### TASK INSTRUCTIONS
Every line below needs to be printed again exactly, without any of its pictures.

### THE DATA
BEGIN
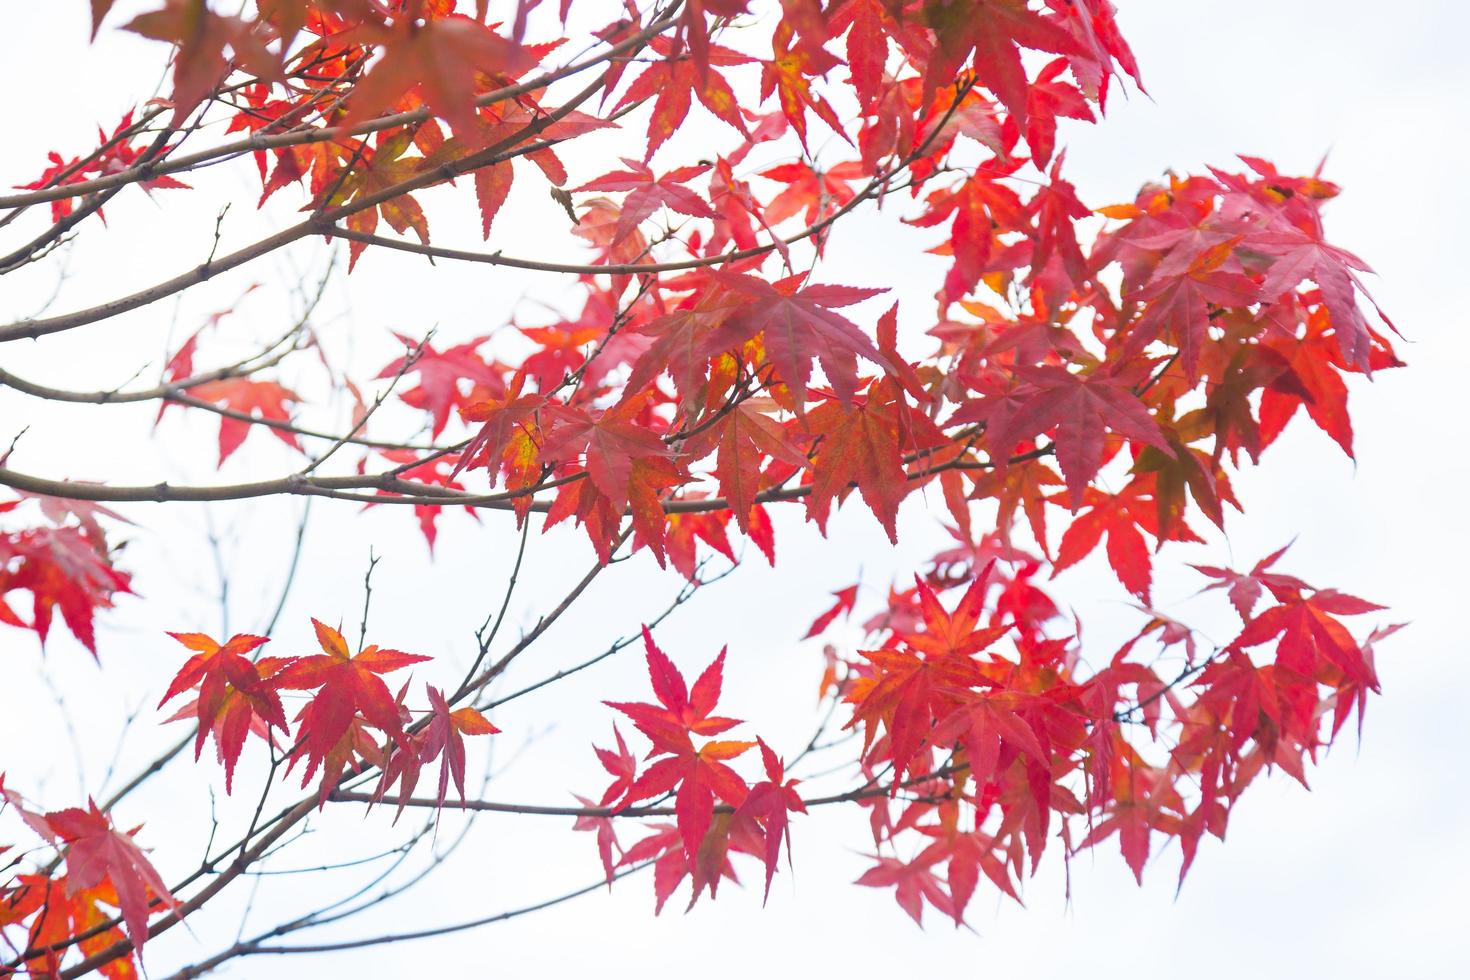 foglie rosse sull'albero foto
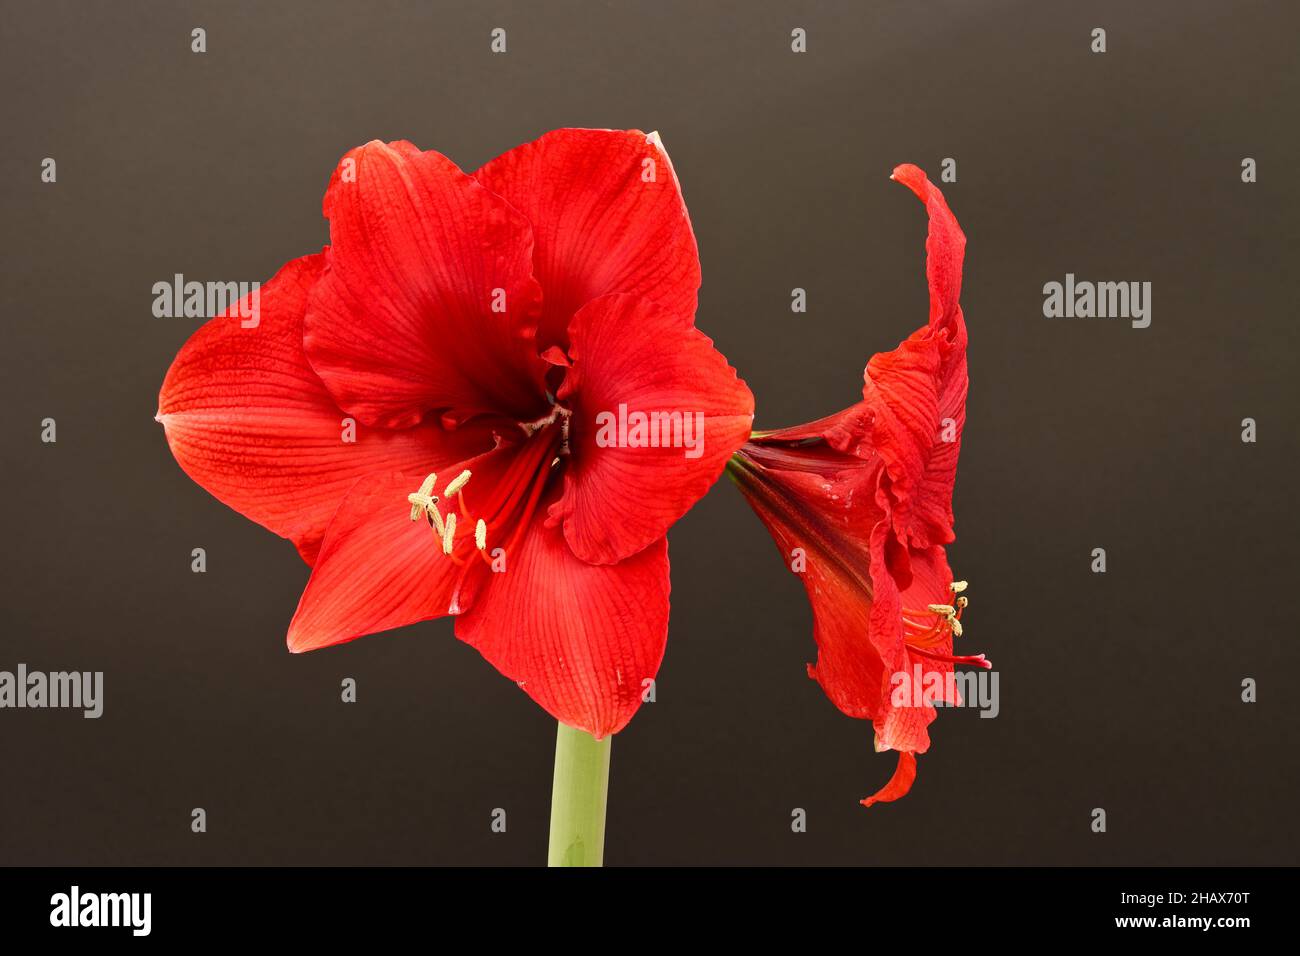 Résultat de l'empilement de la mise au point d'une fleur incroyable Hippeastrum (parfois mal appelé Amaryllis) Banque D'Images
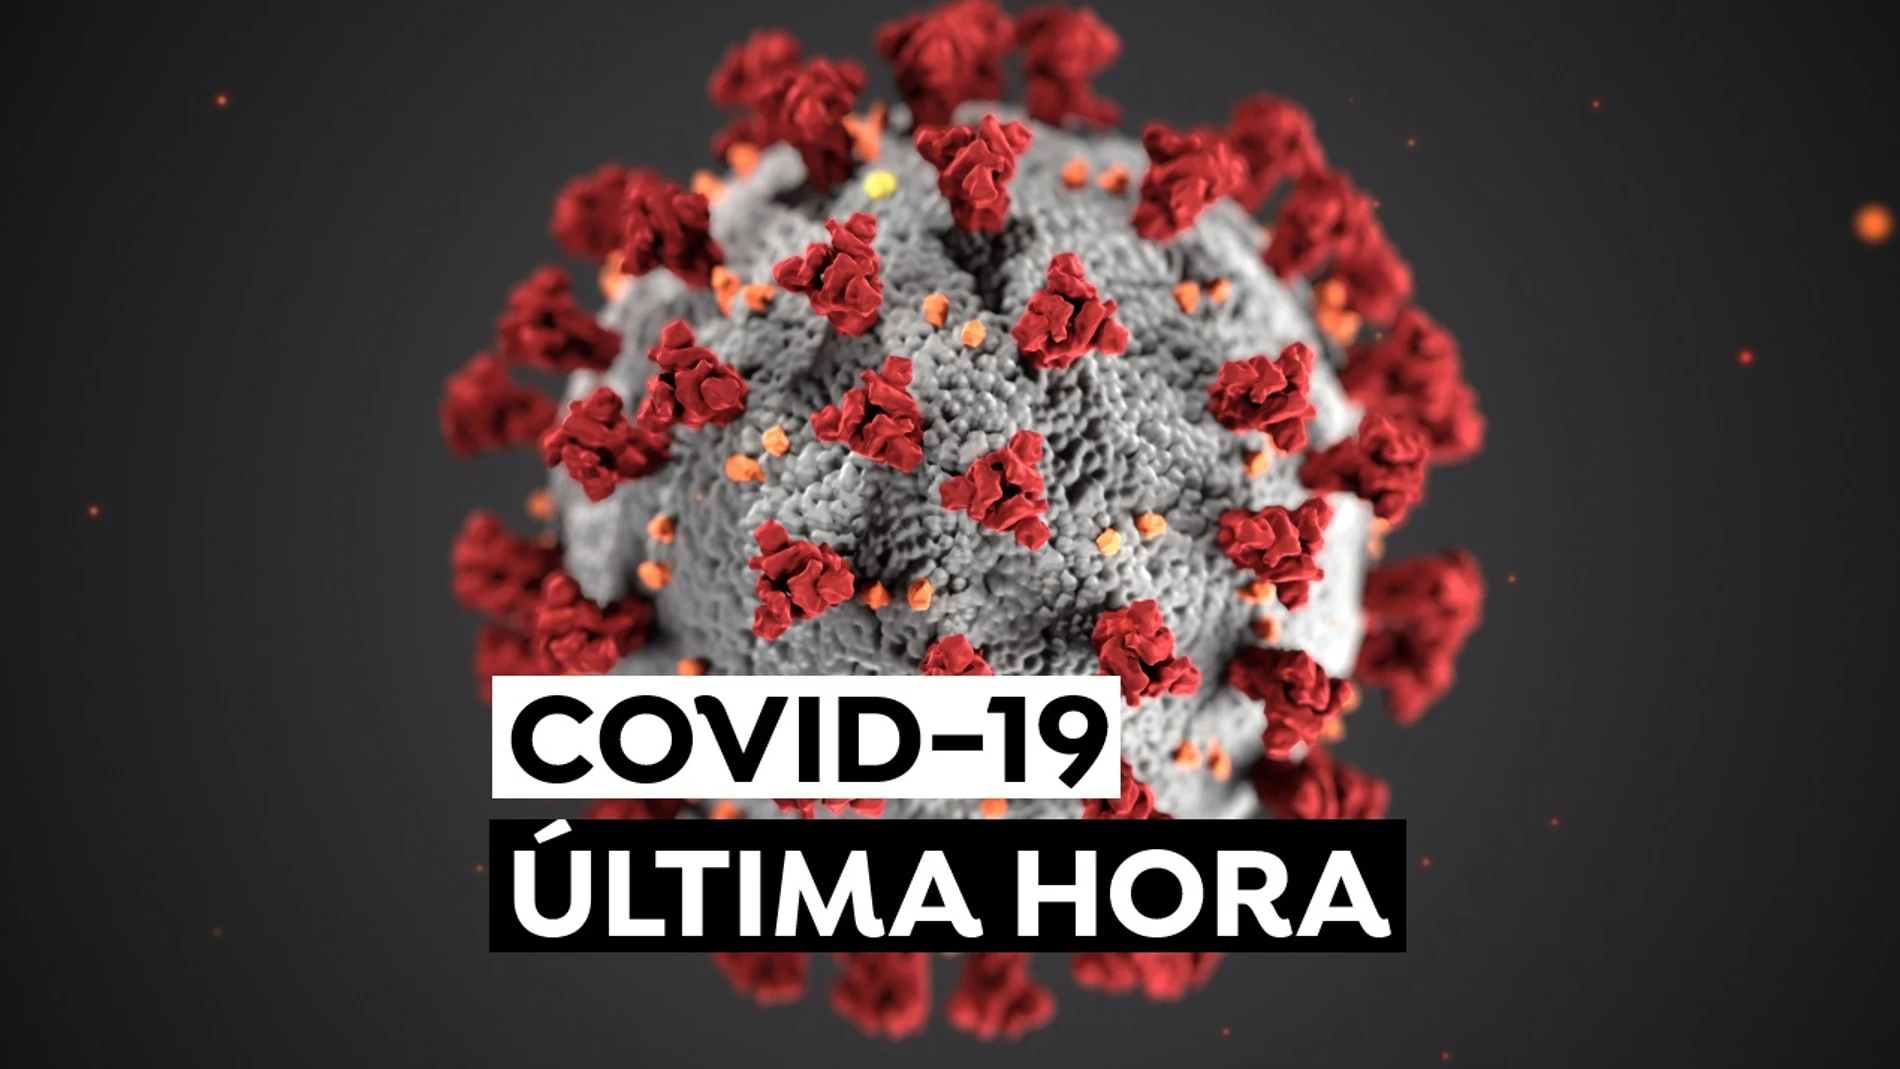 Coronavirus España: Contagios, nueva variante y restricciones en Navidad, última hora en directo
END
### SOLUTION TO THE EXERCISE
 foglie rosse sull'albero foto
 Résultat de l'empilement de la mise au point d'une fleur incroyable Hippeastrum (parfois mal appelé Amaryllis) Banque D'Images
 Coronavirus España: Contagios, nueva variante y restricciones en Navidad, última hora en directo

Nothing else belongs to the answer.